_WORK ORDER_
For this exercise, restate the data below with no change at all.

_AVAILABLE DATA_
--- START ---

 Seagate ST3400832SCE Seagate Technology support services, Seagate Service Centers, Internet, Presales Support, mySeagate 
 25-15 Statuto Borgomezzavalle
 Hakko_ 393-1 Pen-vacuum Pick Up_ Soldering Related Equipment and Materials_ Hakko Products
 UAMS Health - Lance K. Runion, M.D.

--- END ---

_ANSWER SECTION_
 Seagate ST3400832SCE Seagate Technology support services, Seagate Service Centers, Internet, Presales Support, mySeagate 
 25-15 Statuto Borgomezzavalle
 Hakko_ 393-1 Pen-vacuum Pick Up_ Soldering Related Equipment and Materials_ Hakko Products
 UAMS Health - Lance K. Runion, M.D.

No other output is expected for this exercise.